SSO первой группы могут использоваться для лечения заболеваний, вызванных дефицитом функционального белка, например из-за мутаций в генах SYNGAP1, SCN1A, PCCA и SNRPB [95–97, 99, 101]. SSO второй группы необходимы, если в результате нонсенс-мутации или делеции со сдвигом рамки считывания возникает PTC. Они позволяют избежать деградации транскрипта и сохранить экспрессию укороченного белкового продукта. Технически SSO второй группы могут индуцировать пропуск экзона с нонсенс-мутацией (как в гене PCCA) или удержание интрона в направлении 3’-конца от PTC (как в гене hERG). Пропуск кодирующих экзонов может быть полезным в случае делеции со сдвигом рамки считывания для того, чтобы восстановить рамку (как в гене DMD). Уже одобрен ряд действующих таким образом препаратов для лечения мышечной дистрофии Дюшенна [94]. SSO третьей группы можно использовать, если необходимо подавить накопление белка. Например, мутации в гене FUS, разрушающие сигнал его ядерной локализации и вызывающие экспорт в цитоплазму, ассоциированы с боковым амиотрофическим склерозом [114, 115]. Поскольку для подавления экспрессии FUS через непродуктивный сплайсинг его белковый продукт должен находиться в ядре, экспорт мутантного белка из ядра разрушает петлю авторегуляции, что усугубляет его накопление в цитоплазме и способствует образованию агрегатов, обладающих цитотоксическим эффектом [100, 116–118].

Несмотря на все положительные стороны SSO, их доставка к целевым органам и тканям встречается со множеством трудностей.

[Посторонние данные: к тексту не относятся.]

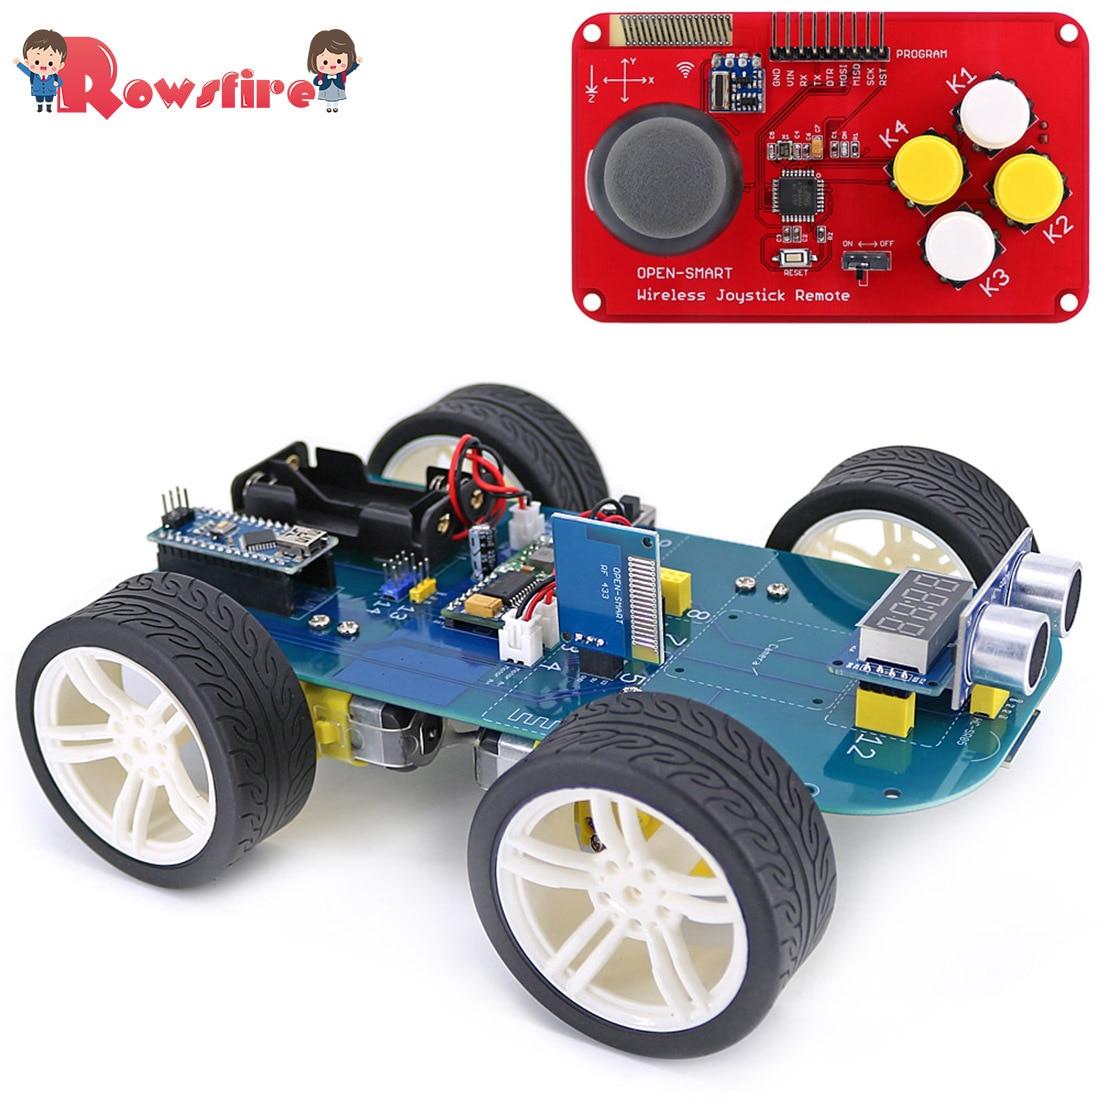 New 4wd 315/433mhz Wireless Joystick Remote Control Rubber Wheel Gear Motor Smart Car Kit For Arduino High-tech Programmable Toy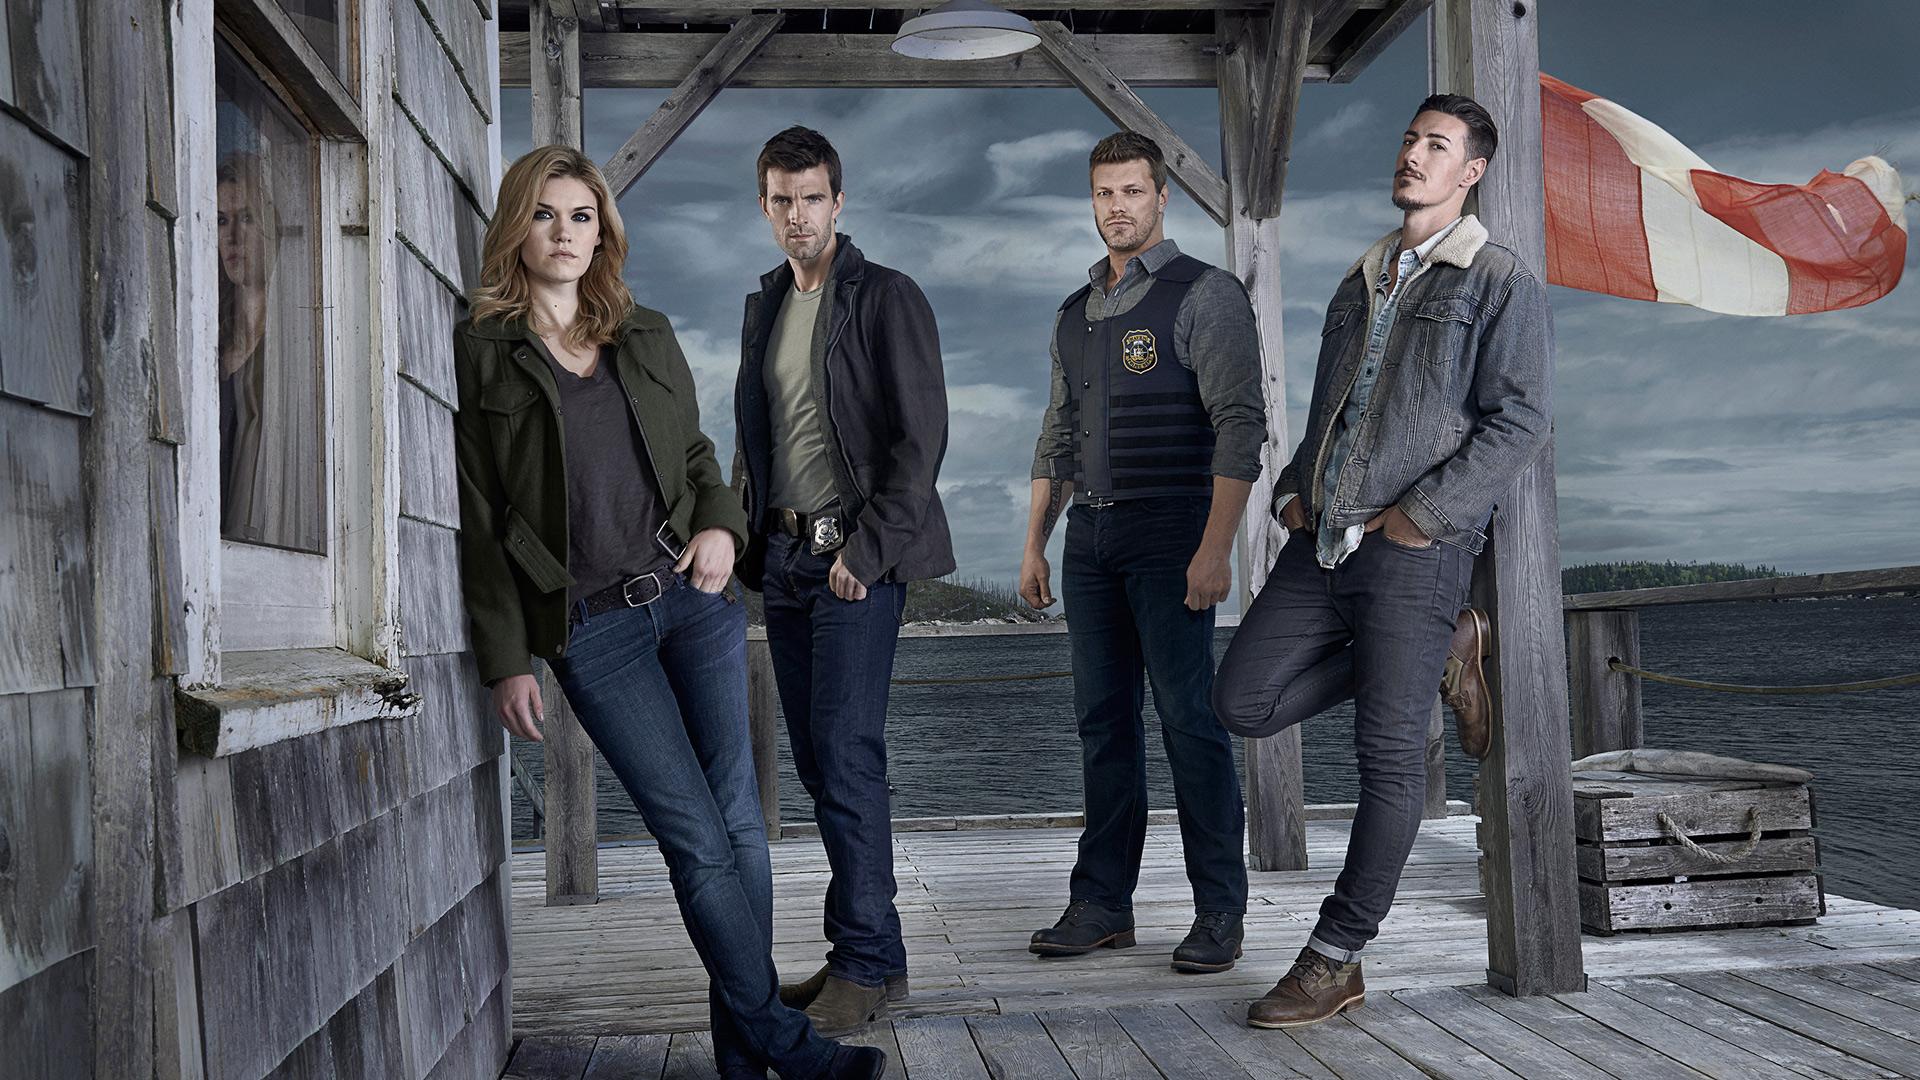 haven-tv-series-cast-poster-wallpaper.jpg

Необходимость разработки системы доставки и использование повышенных доз препарата, чтобы достичь его необходимой концентрации, приводят к росту цены и увеличению риска побочных эффектов [119]. Альтернативой являются малые молекулы – модуляторы сплайсинга, обладающие большей биодоступностью, чем SSO.

Известно достаточно много низкомолекулярных соединений, которые связываются с факторами сплайсинга, изменяя сплайсинг многих генов одновременно [119]. Также на сегодняшний день найдено несколько молекул, специфично связывающихся с конкретными РНК [98, 119–122]. Среди них наиболее изучен рисдиплам, который модулирует сплайсинг гена SMN2 и может быть использован для лечения спинальной мышечной атрофии [121]. Бранаплам, сходный по структуре и механизму действия с рисдипламом, способствует включению криптического ядовитого экзона в гене HTT, что снижает его экспрессию и замедляет прогрессирование болезни Хантингтона [122]. Аналогичным эффектом обладает молекула PTC518, которая сейчас находится во второй фазе клинических исследований [120].

ЗАКЛЮЧЕНИЕ

В результате взаимодействия между альтернативным сплайсингом и NMD возник эволюционно-консервативный механизм посттранскрипционной регуляции генной экспрессии, называемый непродуктивным сплайсингом. Непродуктивный сплайсинг сложнейшим образом поддерживает баланс уровней экспрессии генов через авто- и кросс-регуляторные петли, содержащие как положительные, так и отрицательные обратные связи. Он тесно связан с множеством других клеточных процессов, таких, как интронное полиаденилирование, регуляция трансляции и взаимодействие с микроРНК. Нарушения в регуляции непродуктивного сплайсинга являются причиной многих заболеваний, многообещающую стратегию лечения которых предлагают переключающие сплайсинг антисмысловые олигонуклеотиды.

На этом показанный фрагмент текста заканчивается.